K031247 · Medtronic Vascular · GEI · Jul 17, 2003 · General, Plastic Surgery

Device Facts

Record IDK031247
Device NameCARDIOBLATE BIPOLAR RADIOFREQUENCY SURGICAL ABLATION SYSTEM
ApplicantMedtronic Vascular
Product CodeGEI · General, Plastic Surgery
Decision DateJul 17, 2003
DecisionSESE
Submission TypeTraditional
Regulation21 CFR 878.4400
Device ClassClass 2
AttributesTherapeutic

Intended Use

The Medtronic Cardioblate System is intended to ablate soft tissue during general surgery using radiofrequency energy.

Device Story

The Medtronic Cardioblate Bipolar Radiofrequency Ablation System consists of a hand-held bipolar surgical ablation device (models 60821, 60822) and a surgical ablation generator (model 60890). The system delivers controlled radiofrequency (RF) energy to soft tissue to achieve ablation. The generator operates in bipolar mode (up to 40 Watts, 20-350 Ohm range) or monopolar mode (up to 50 Watts, 20-500 Ohm range). Used by surgeons in a clinical/surgical setting to ablate soft tissue. The device provides the energy necessary for surgical coagulation and cutting, aiding in tissue management during general surgical procedures.

Clinical Evidence

No clinical data. Performance characteristics were evaluated through bench testing and non-bench analyses comparing the system to predicate device specifications.

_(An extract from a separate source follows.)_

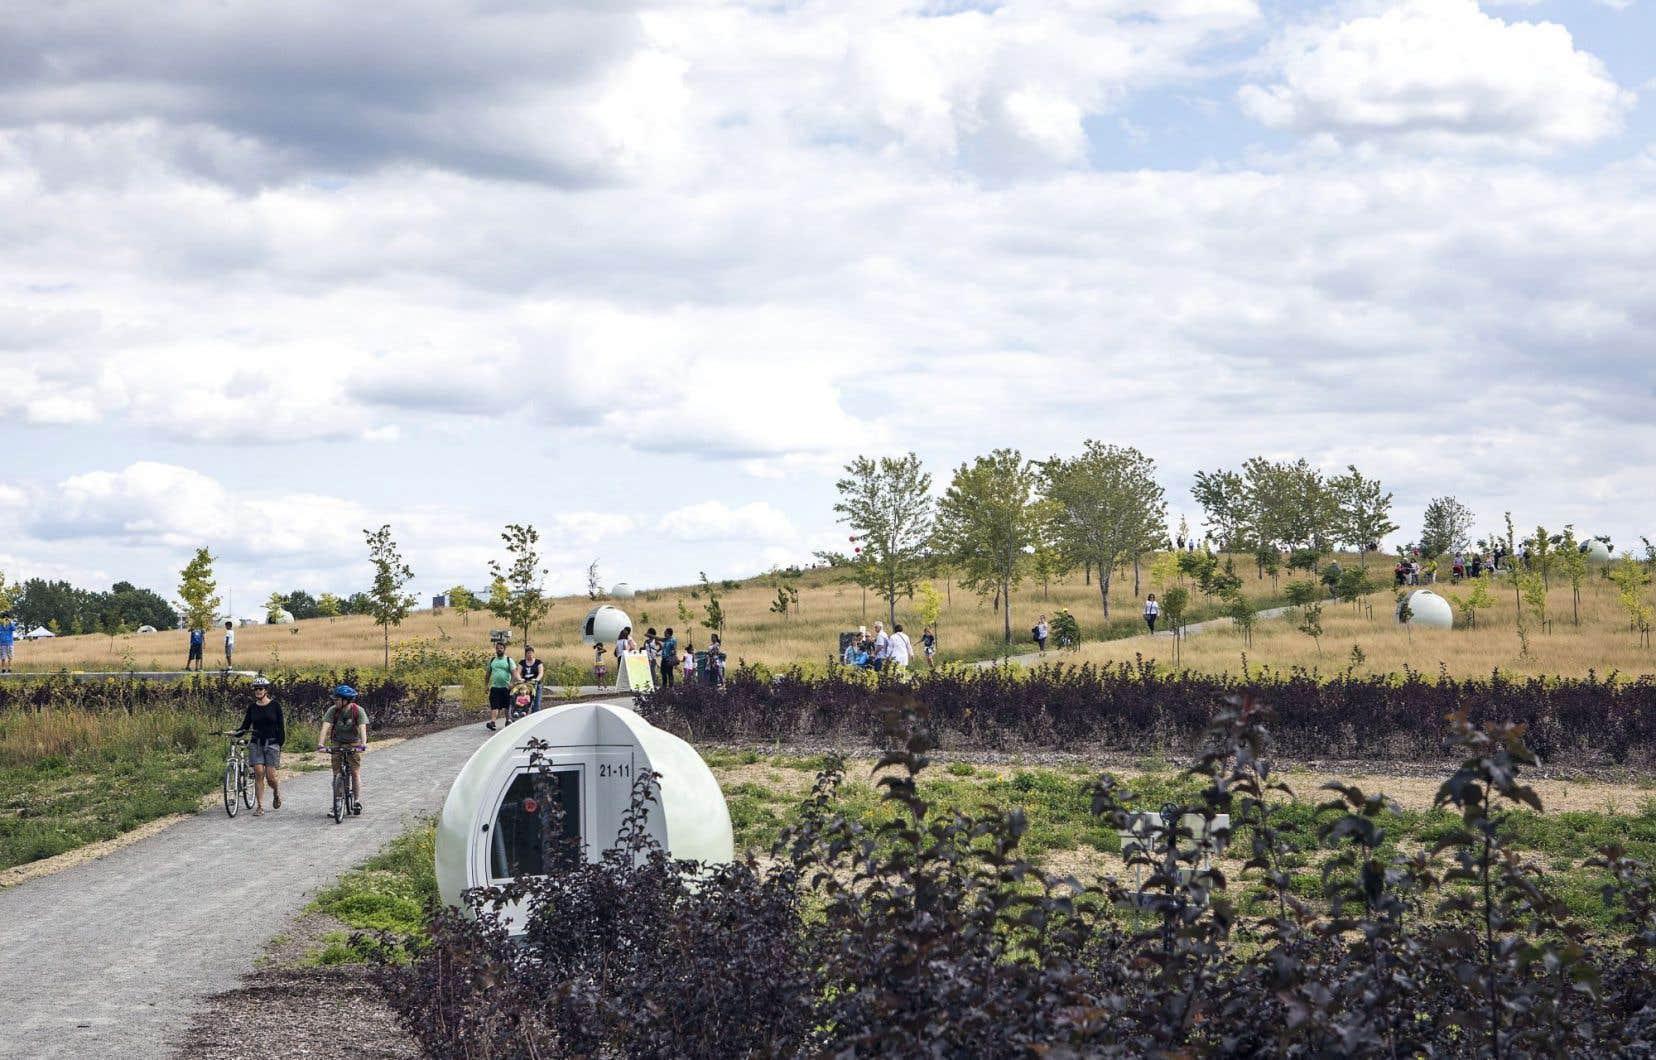 Les sphères dispersées sur le site du parc Frédéric-Back servent à protéger les puits de captation des biogaz qu'émettent les déchets enfouis.

Technological Characteristics

System comprises a hand-held bipolar ablation device and an RF generator. Energy source: Radiofrequency. Bipolar mode: up to 40W (20-350 Ohm). Monopolar mode: up to 50W (20-500 Ohm).

Indications for Use

Indicated for soft tissue ablation during general surgery. Contraindicated in patients with active endocarditis or for ablation in a pool of blood (e.g., through a purse string suture on a beating heart).

Regulatory Classification

Identification

An electrosurgical cutting and coagulation device and accessories is a device intended to remove tissue and control bleeding by use of high-frequency electrical current.

Predicate Devices

Related Devices

Submission Summary (Full Text)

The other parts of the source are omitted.